UFM’s mission statement, or mission sentence, is known by heart on this campus, at least by some: “. . . to teach and disseminate the ethical, legal, and economic principles of a society of free and responsible persons.” (A teacher says to me, “Notice that ‘ethical’ comes first.”)
On campus, you see Adam Smith Plaza. And the Ludwig von Mises Library. And the Friedrich Hayek Auditorium. And, for good measure, the Milton Friedman Auditorium. UFM has not forgotten Milton’s better half: in the form of a Rose Friedman Terrace.

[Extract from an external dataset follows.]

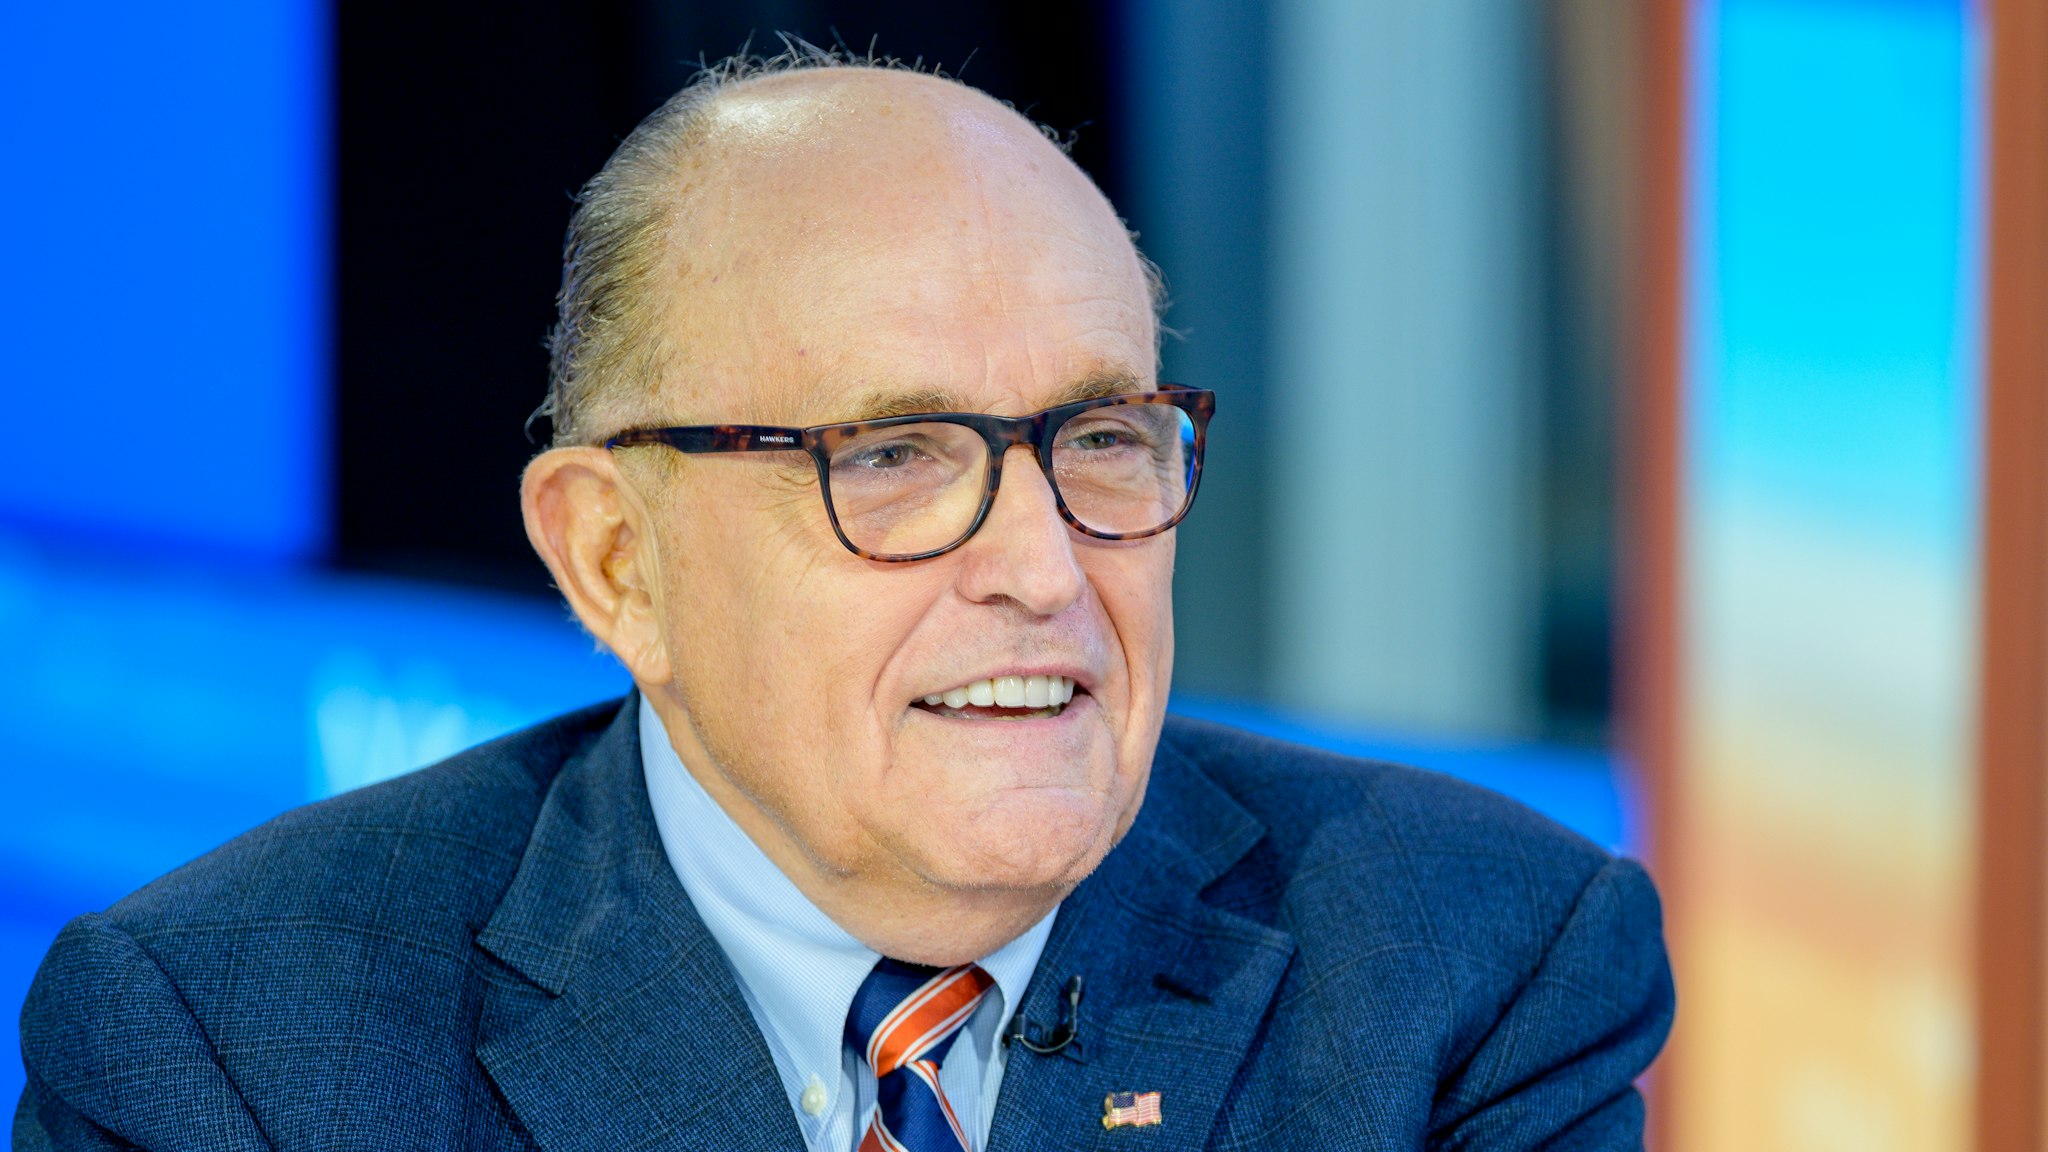 NEW YORK, NEW YORK - SEPTEMBER 23: Former New York City Mayor and attorney to President Donald Trump Rudy Giuliani visits "Mornings With Maria" with anchor Maria Bartiromo at Fox Business Network Studios on September 23, 2019 in New York City. (Photo by Roy Rochlin/Getty Images)

The university was founded in 1971 by Manuel Ayau and a group of like-minded partners. They were Guatemalan entrepreneurs, and they called themselves “rebel improvisers.” They were fed up with the persistent socialism and poverty in their part of the world. They wanted to create at least an island of liberalism (for which Americans, with our peculiar vocabulary, can read “conservatism,” or “Reaganism”).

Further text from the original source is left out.